• [PROMPT]:
In the records below, find the line with "Vegvisir With Runes T-shirt", then copy each line exactly until you have copied the line with "40 years anniversary". Leave any picture out.

• [EXERCISE INPUT]:
——————————
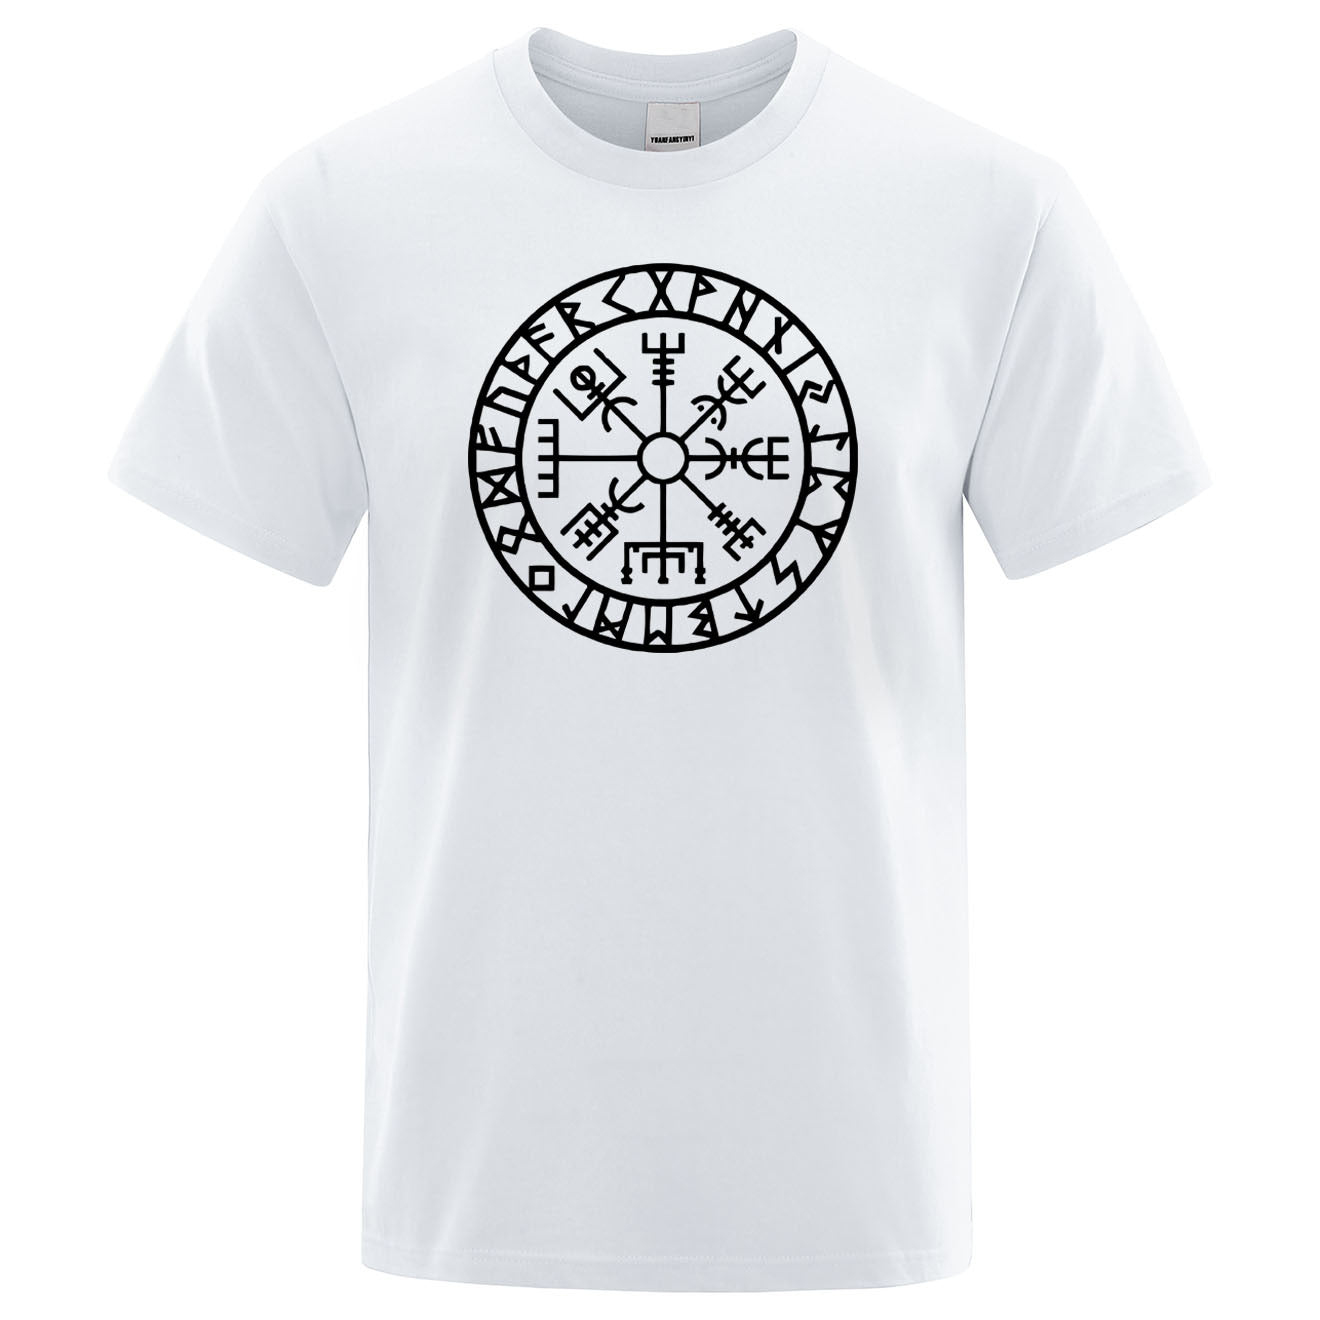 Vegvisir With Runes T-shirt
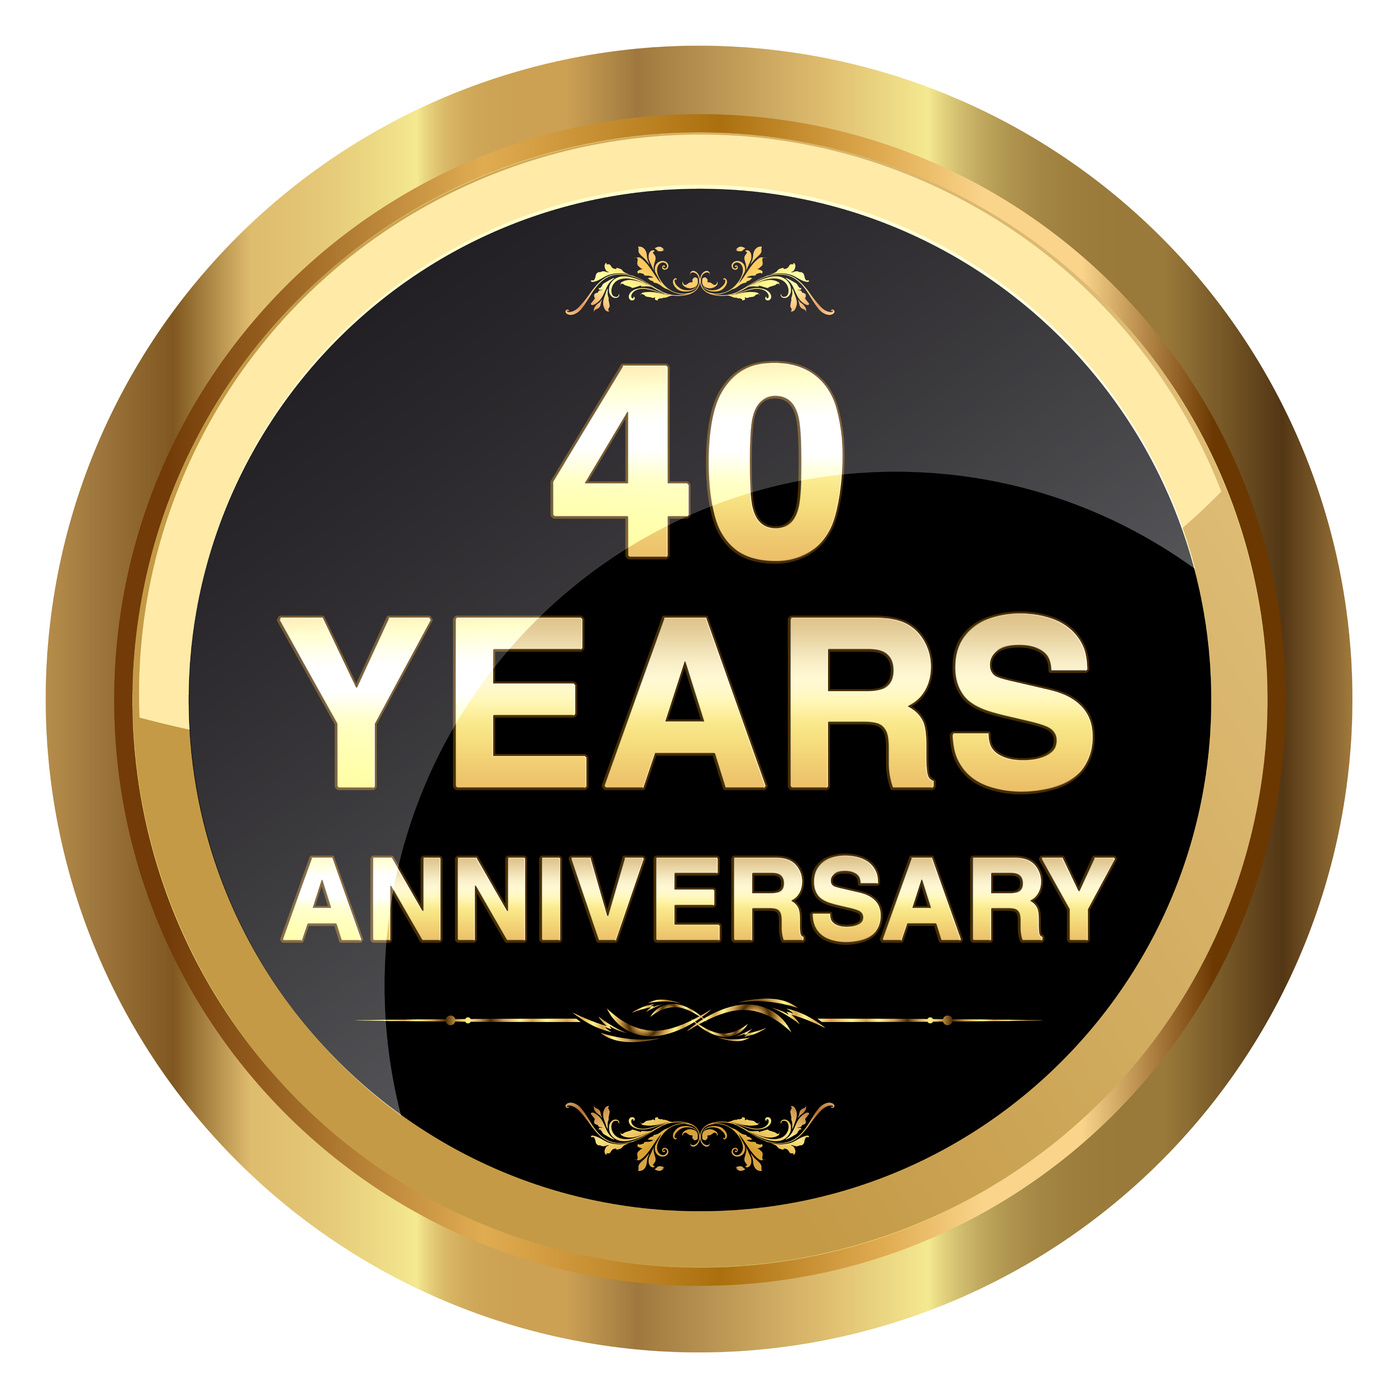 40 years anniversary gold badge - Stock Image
——————————
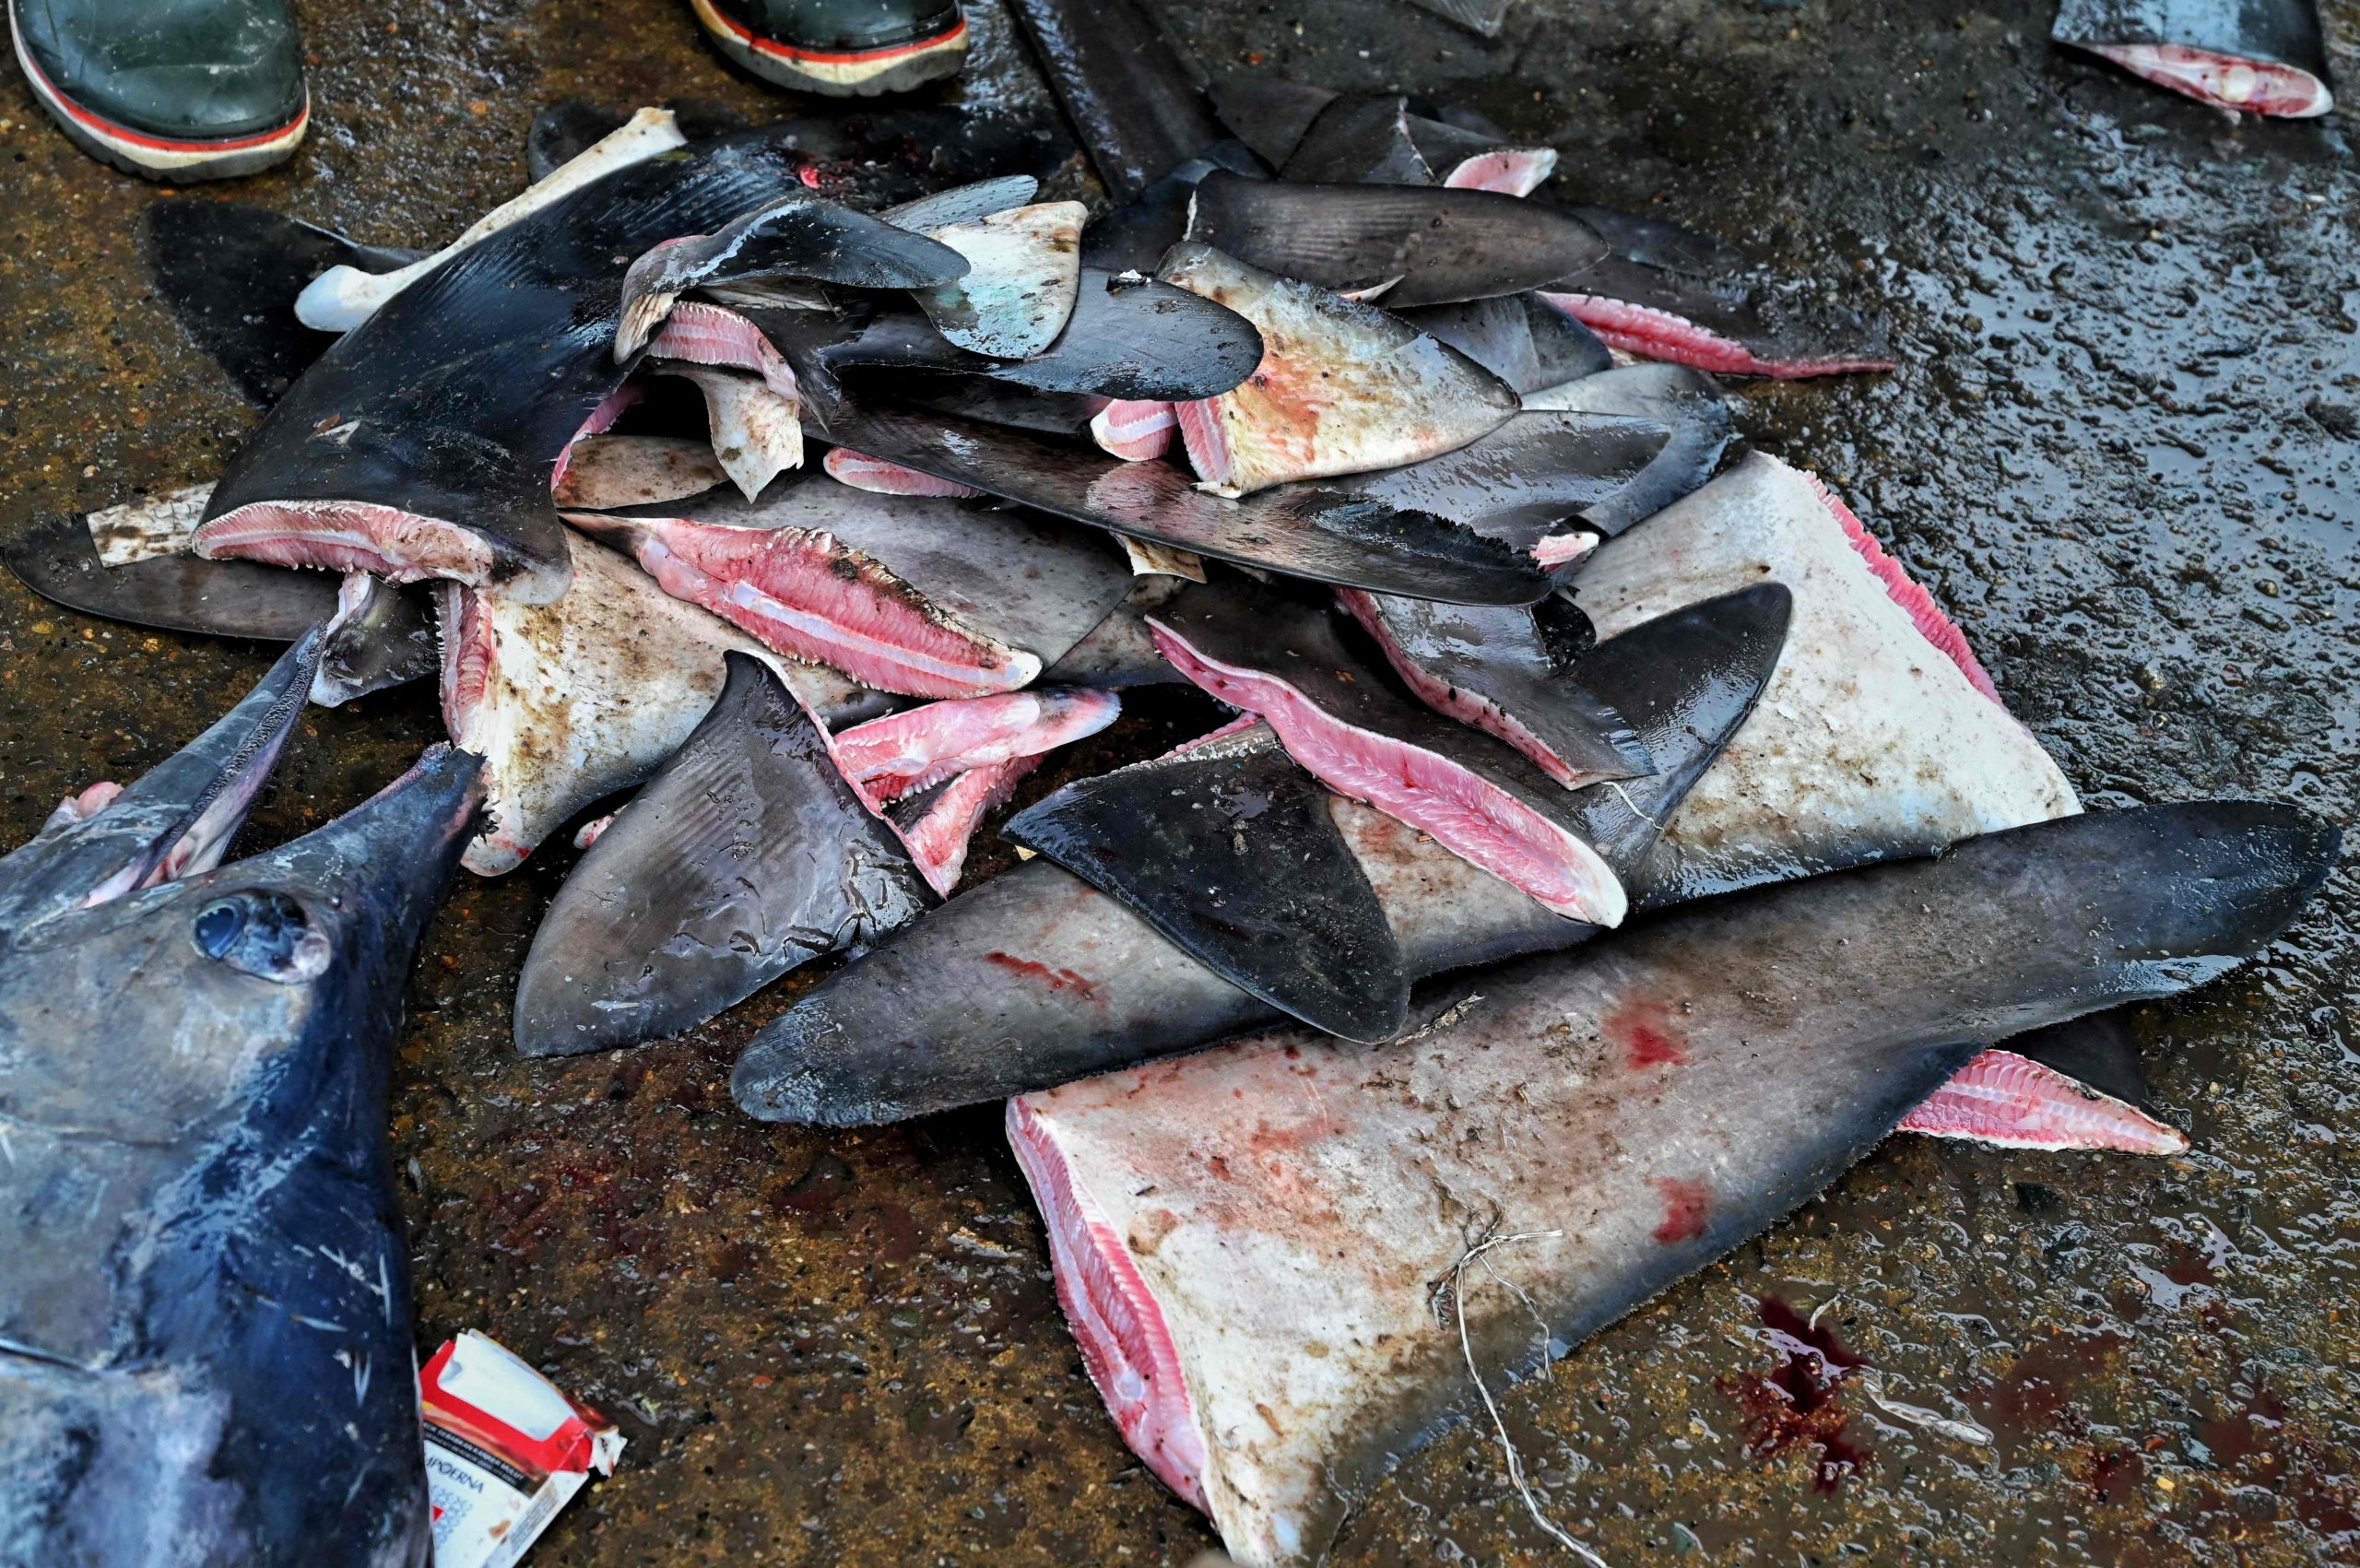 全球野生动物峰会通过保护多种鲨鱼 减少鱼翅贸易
——————————
• [RESPONSE]:
 Vegvisir With Runes T-shirt
 40 years anniversary gold badge - Stock Image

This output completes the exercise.